Innovative teaching methods, with their potential impacts, encompass the introduction of novel approaches to education. These methods can significantly enhance student engagement by making learning more interactive and adaptable to various learning styles, leading to improved learning outcomes. Leveraging technology, they prepare students for the digital age and promote critical thinking and problem-solving skills. They also instill a love for lifelong learning, foster inclusivity and accessibility, and encourage ongoing teacher professional development. Furthermore, they contribute to educational research and innovation, ultimately transforming the education system to be more engaging, effective, and responsive to the evolving needs of learners in a rapidly changing world.
Jodoin studied the effects of promoting language education for sustainable development in Japanese higher education. Using an empirical case of a project, the authors explore an educational approach that integrates language learning with sustainable development goals and analyze the impact of the approach on students [10]. Ali examines how the principles of positive psychology can be applied to the language learning process to develop a more positive, optimistic, confident, and self-motivated mindset in students. The article explores the theoretical foundations of positive psychology in language education and suggests how these principles can be applied in practice to support students’ language acquisition [11]. Nagle investigated how expectancy-value theory can be used to understand motivation, persistence and achievement aspects in foreign language learning at university. The study provides valuable ideas and theoretical support for foreign language education and has some practical guidance [12]. Byram and Wagner explored how to achieve the goals of language education and intercultural dialogue in terms of intercultural education, language policy, and curriculum design. A series of theoretical frameworks and teaching strategies, such as core intercultural competencies and communicative experiences, are proposed and the important role of language teachers in this process is emphasized [13]. Tschirner their used an assessment method based on the Common European Framework of Reference for Languages to measure the listening and reading skills of German university students. By analyzing the test results and comparing them with the different levels of the Common European Framework of Reference for Languages, the authors derived the average levels of university students in listening and reading [14].
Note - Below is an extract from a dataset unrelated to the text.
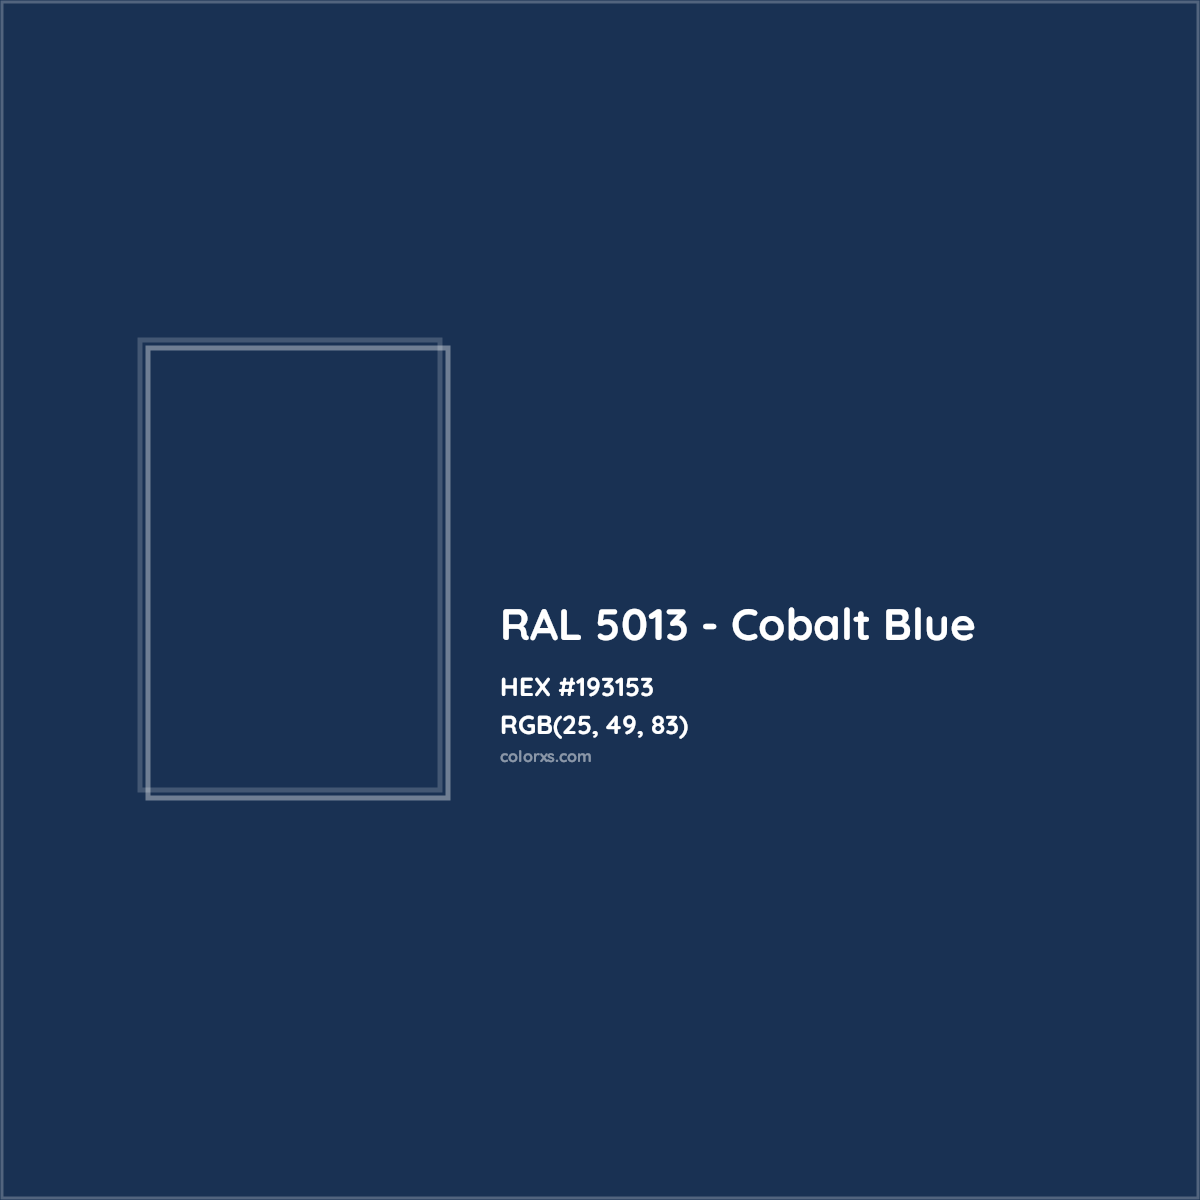 HEX #193153 RAL 5013 - Cobalt Blue CMS RAL Classic - Color Code

Through in-depth interviews and analysis of 12 voluntary colleges, the Bradford authors identified several major types of implementation challenges, including those of students, faculty, materials, and curriculum design. The findings of this study are of particular value to schools and institutions that are seriously thinking about and preparing for English language delivery in higher education. Not only does it provide practical evidence and recommendations, but it can also serve as a basis for future research to further improve the implementation of English language delivery globally [15]. Lyle analyzed different task types and ratings made by raters and explored the impact of these variabilities on test results. The results showed significant differences between tasks and significant variability in the ratings made by raters, and these differences may lead to uncertainty and misinterpretation of test results [16]. Huensch study aimed to reveal the influence of different cultural backgrounds and language experiences on attitudes towards learning foreign language pronunciation. Through a questionnaire survey of students from different countries and with different language backgrounds and statistical analysis of the results, the authors found some interesting findings: on the one hand, students from different cultural and linguistic backgrounds differ significantly in their approach to foreign language pronunciation problems, and on the other hand, even students from similar cultural and linguistic backgrounds differ in some aspects [17]. Jane conducted a reading and vocabulary test with 35 university learners of Russian and statistically analyzed the test results. It was found that, on the one hand, there was a significant positive correlation between vocabulary knowledge and reading ability. On the other hand, high level Russian readers excelled in vocabulary [18].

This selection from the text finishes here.